> _Required action_: Please write out every line of the material exactly.

> _Raw data_:
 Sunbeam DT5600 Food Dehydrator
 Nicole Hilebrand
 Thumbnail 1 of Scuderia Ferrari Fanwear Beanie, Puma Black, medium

> _Expected output_:
 Sunbeam DT5600 Food Dehydrator
 Nicole Hilebrand
 Thumbnail 1 of Scuderia Ferrari Fanwear Beanie, Puma Black, medium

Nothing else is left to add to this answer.